Shooting Death of Popular Activist Roils Cambodia

Slain activist Kem Ley’s body lies in the Buddhist temple Watt Bodhiyarame in the Cambodin capital Phnom Penh, on July 10, 2016.RFA

2016-07-10 RFA

Cambodian civil society expressed shock on Sunday at the shooting death of an activist and critic of Prime Minister Hun Sen’s government, a killing that came amid months of political tensions as the country faces elections next year.

Kem Ley, 46, researcher and leader of the advocacy group Khmer for Khmer was shot two times in a store at a gas station in the capital Phnom Penh, police said a statement.

Reuters news agency quoted Eng Hy, a spokesman for the National Military Police, as saying “Kem Ley was shot dead” and the agency quoted a Cambodian Interior Ministry statement as saying a 38-year old suspect has been arrested, and has admitted to killing Kem Ley in a dispute over money.

Hun Sen took to social media to condemn the slaying and order an investigation.

"I pay my condolences over the death of Kem Ley, who was shot by a gunman," Hun Sen said on his Facebook page. "I condemn this brutal act.

Ou Virak, founder of the NGO “Future Forum,” said Cambodia has lost “a hero in the hearts of all Khmer. “

“We lost a good human being who has participated in social and political activities to push Cambodia to move forward,” he told RFA’s Khmer Service.
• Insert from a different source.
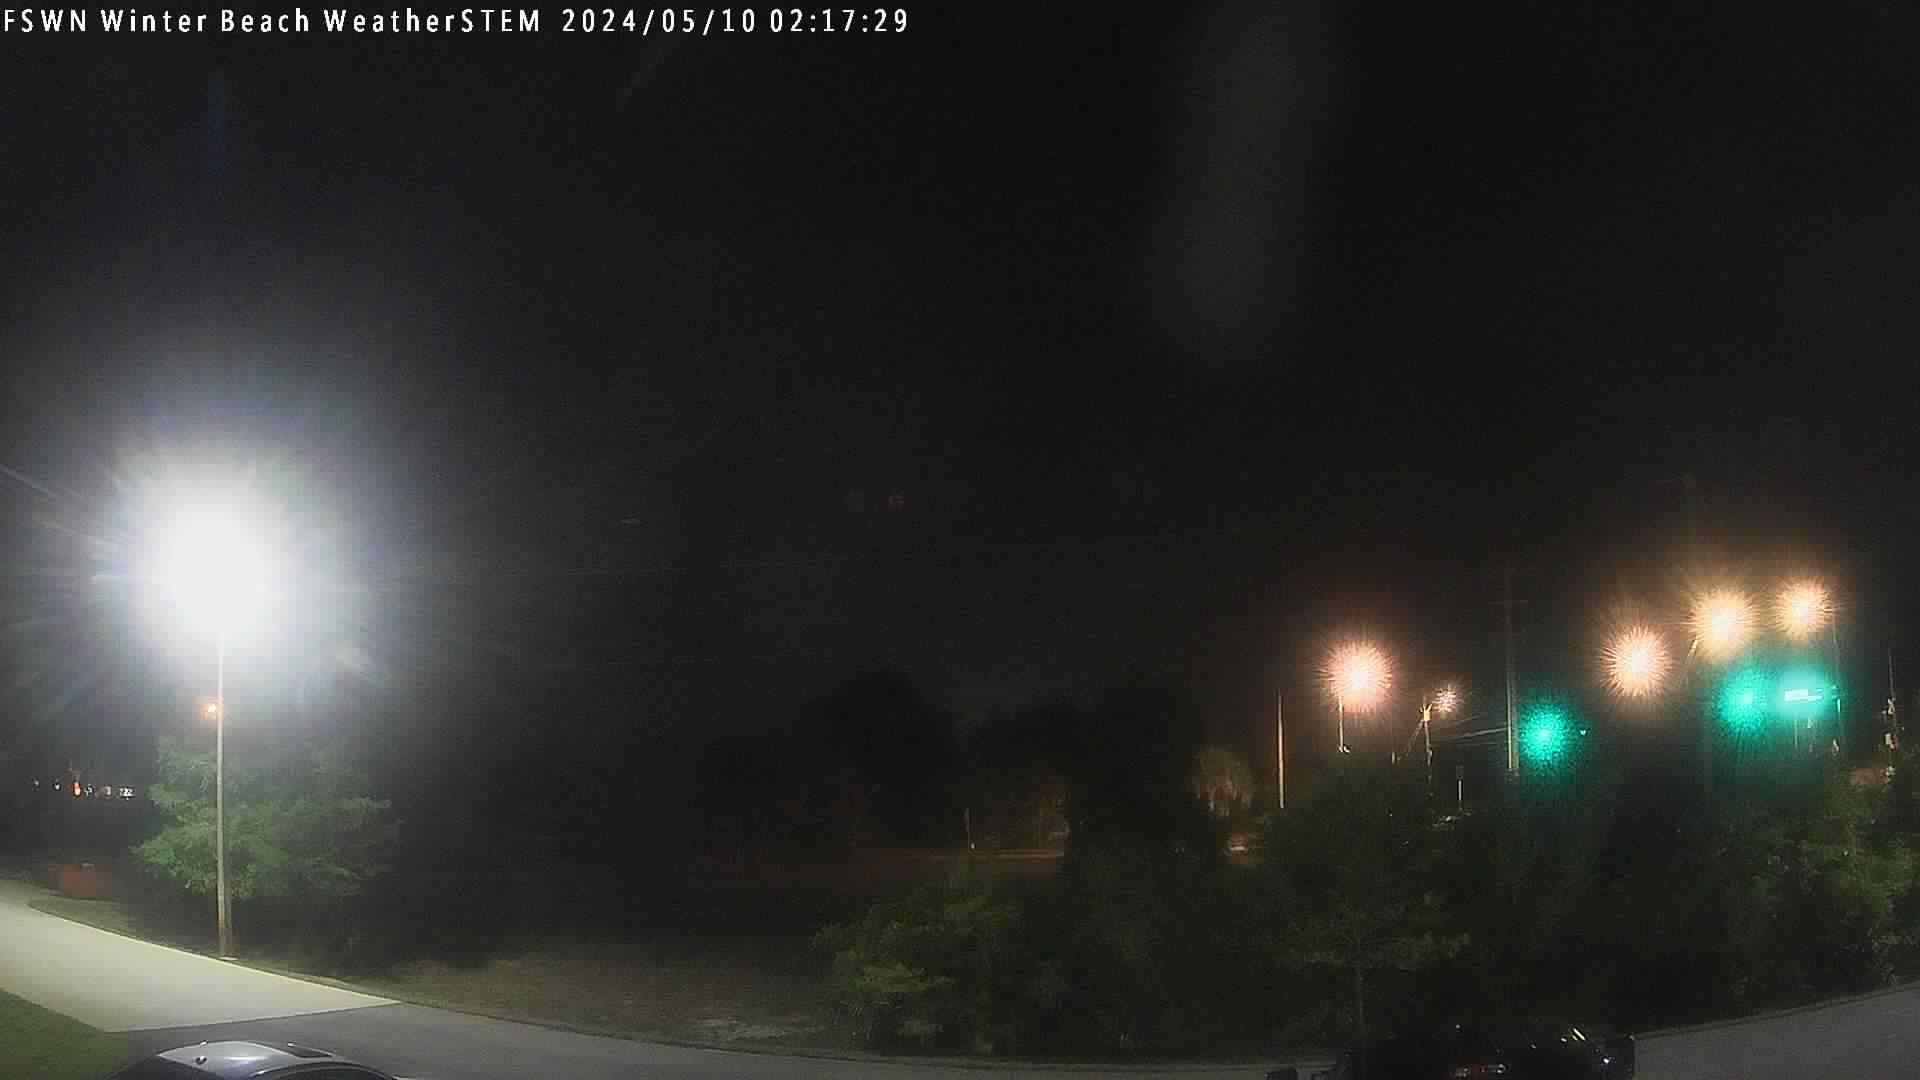  WeatherSTEM Fire Station 5 South Camera FSWNIndianRiver in Indian River County, Florida FL at

An official of the domestic human rights group LICADHO, Am Sam Ath, told RFA that his and other watchdog groups demand that the government handle the investigation carefully.

“We of civil society insist that authorities investigate the motive of this shooting death properly to dispel suspicion that the killing of Kem Ley is political,” he said.

Official account doubted

The executive director of  the Cambodian Commission on Human Rights, Chak Sopheap, called on civil society to step up activism an not be cowed by the killing of Kem Ley.

“I hope that all the citizens will continue participating in social-political activities despite what has happened,” she said. “It is only our participation to ensure that Cambodia can develop human rights and democracy.”

Political tension between long-ruling strongman Hun Sen’s Cambodian People’s Party and the opposition Cambodia National Rescue Party (CNRP) has been intensifying this year as the parties prepare to contest local elections in 2017 and a general election in 2018.

Reuters quoted Kem Ley's pregnant wife, Pou Rachana, as saying “I don't know what happened, somebody just called me and said that he's shot," Pou Rachana told Reuters.

Thousands of supporters followed a procession taking Kem Ley’s body to a Buddhist pagoda in Phnom Penh, where his coffin was covered with flowers and fruit.

University student Kem Kim from Kampong Cham province told RFA he did not accept the police account of the killing.

“I want to find justice for him and find the real murderer.  I do not believe that he owed other people money.  I don’t believe it,” he said as he fought back tears.

A widely quoted analyst, Kem Ley has appeared on a RFA Khmer Service call-in show to discuss a report by the London-based NGO Global Witness documenting how Hun Sen and his family had amassed a $200 million fortune. The Hun family dismissed the report.